Un día después, Garzón ya estaba al corriente del hurto, y no se lo había dicho yo. Vino hacia mí serio como la Muerte y me dijo como una declaración de fe:

—Ya he dejado claro que al primero que se ría le arreo dos hostias.

—Muchas gracias, Fermín. O sea, que lo sabe todo el mundo.

—En fin, inspectora, ya conoce usted el percal. Aquí los cotilleos revolotean como pájaros.

—Como cuervos, querrá decir. Pero no se preocupe, ya estoy resignada.

—Podría haber sido peor.

—¿Usted cree? Sí, podría haberme robado y encima violado un bebé de seis meses.

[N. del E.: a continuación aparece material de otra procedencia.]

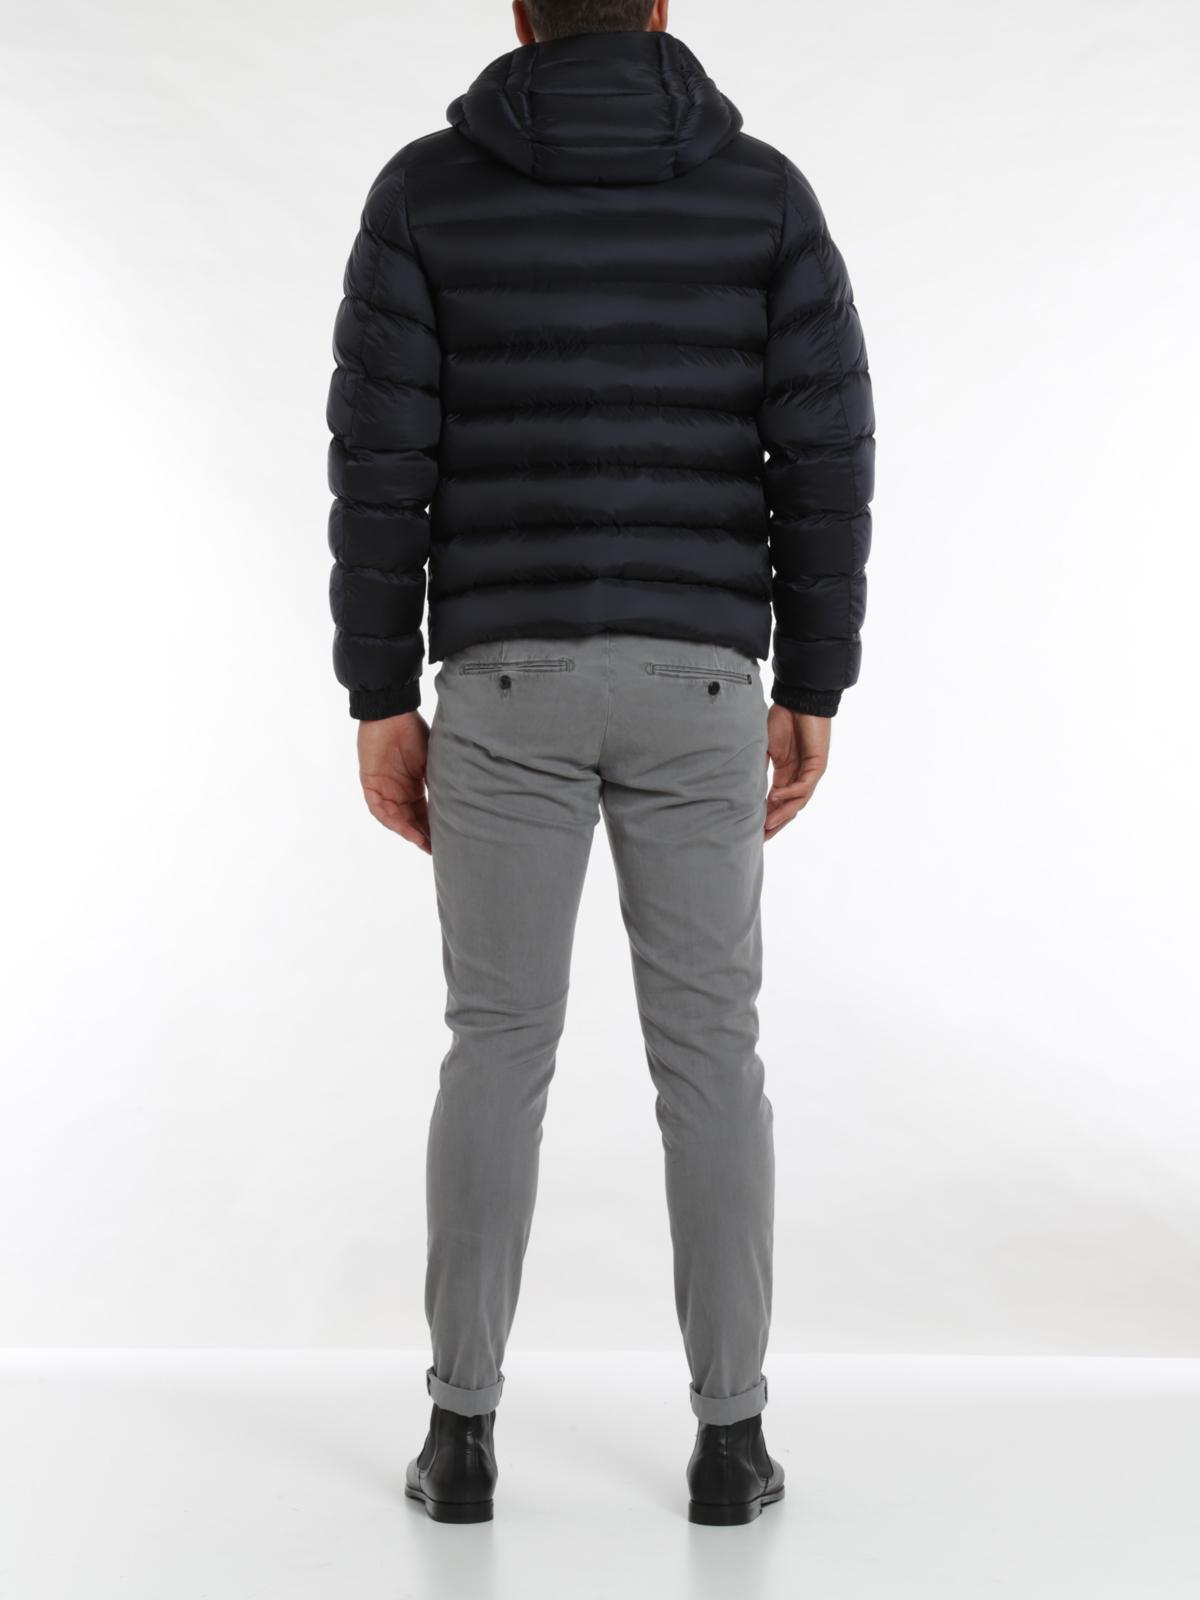 edward down jacket by moncler padded jackets shop online at a2 091 4199349 53334 742. Black Bedroom Furniture Sets. Home Design Ideas

—¡No sea así, mujer! Todo se arreglará.

La frase «todo se arreglará», un comodín universal al uso, era tan imprecisa, tan banal en el fondo, que nada más oírla como elemento tranquilizador solía alterarme en grado sumo. Sin embargo, pronunciada por Garzón, adquiría un tinte de buena voluntad que no podía pasar por alto.

—Gracias, subinspector, no sé en qué puede consistir el arreglo, pero con no saber más de esa pistola ya me conformaría. Eso querría decir que no se ha hecho uso de ella, cosa que en estos momentos le aseguro que constituye mi obsesión.

—Es improbable. Seguro que se trata de una ladronzuela a la que le hizo ilusión ver la pistola y, de manera impulsiva, la cogió.

—¿Una ladronzuela de diez años?

—Pregunte al inspector Belmonte, él lleva un dossier general de los delincuentes juveniles. Ahí tiene que haber expedientes de niños. Lo que ocurre es que en seguida pasan a la tutela judicial, como no podemos hacer nada por emplumarlos... ¡Ah!, y si tiene que seguir con el tema infantil, prepárese, ya puede ir agenciándose un equipo de psicólogos. No se puede dar un paso sin ellos. Te los exigen hasta para decirle buenos días a un chaval. Piensan que sólo con ver a uno de la pasma ya se va a traumatizar de por vida.

—No me extraña, llevan cierta razón.

—Pero eso es presuponer que todos los niños son ángeles, y vive Dios que no lo son. Usted es testigo.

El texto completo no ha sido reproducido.